■ WHAT YOU NEED TO DO: Please, without any pictures, set down exactly the part of the listing below that opens with the line containing "Lars Bo - La" and closes with the line containing "自動車鏡フライカイトデミ アソートアリアC オキシ".

■ DATA EXTRACT:
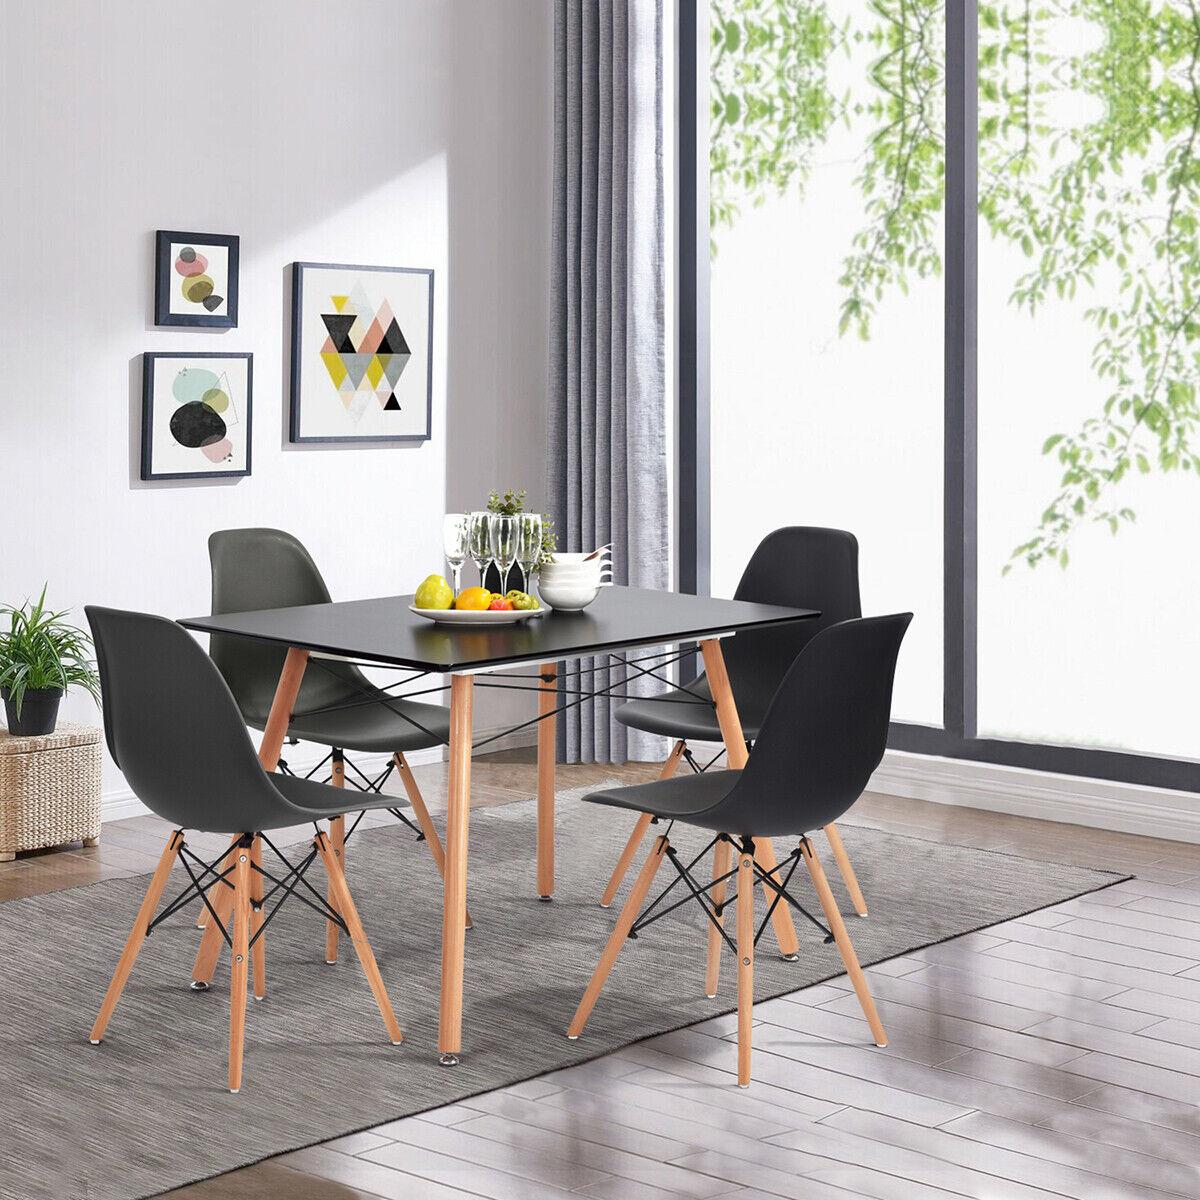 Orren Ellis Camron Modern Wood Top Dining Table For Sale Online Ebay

* * *

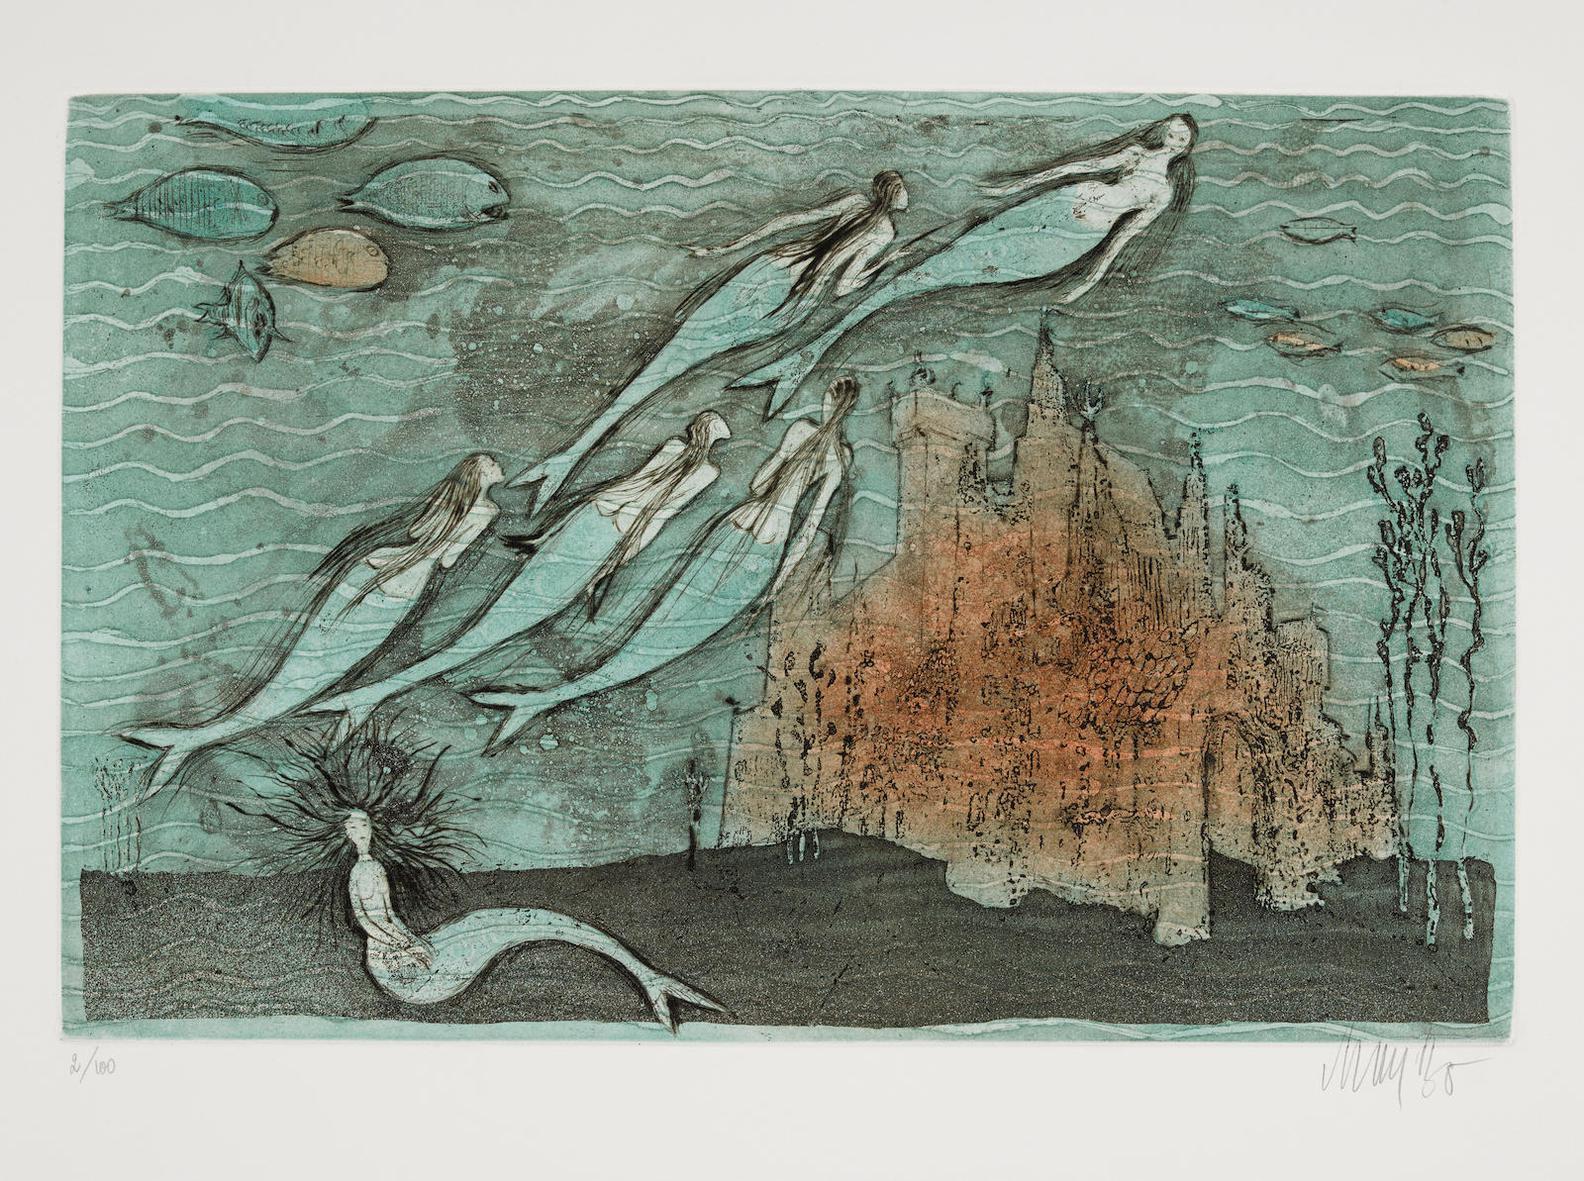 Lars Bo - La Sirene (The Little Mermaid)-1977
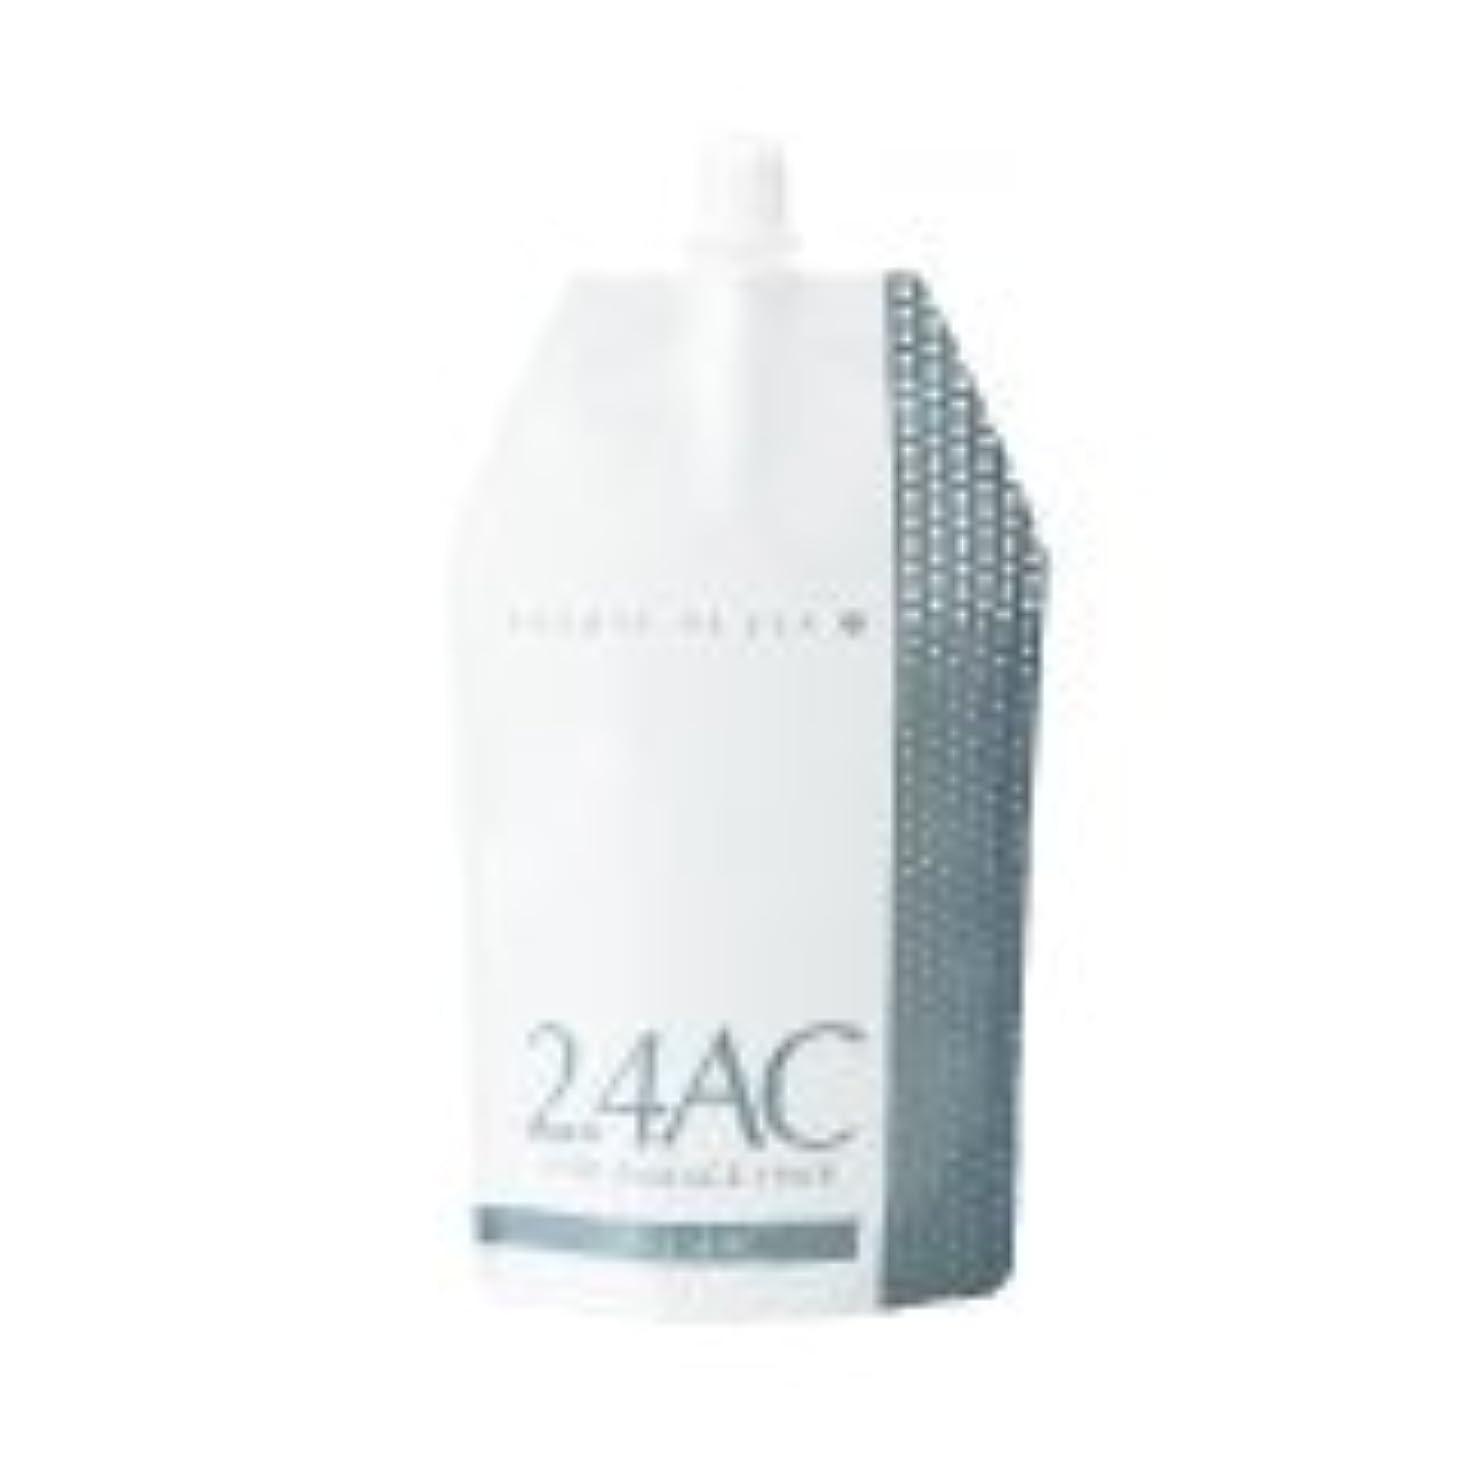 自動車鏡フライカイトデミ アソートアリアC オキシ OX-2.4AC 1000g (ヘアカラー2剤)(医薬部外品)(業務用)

■ OUTPUT:
 Lars Bo - La Sirene (The Little Mermaid)-1977
 自動車鏡フライカイトデミ アソートアリアC オキシ OX-2.4AC 1000g (ヘアカラー2剤)(医薬部外品)(業務用)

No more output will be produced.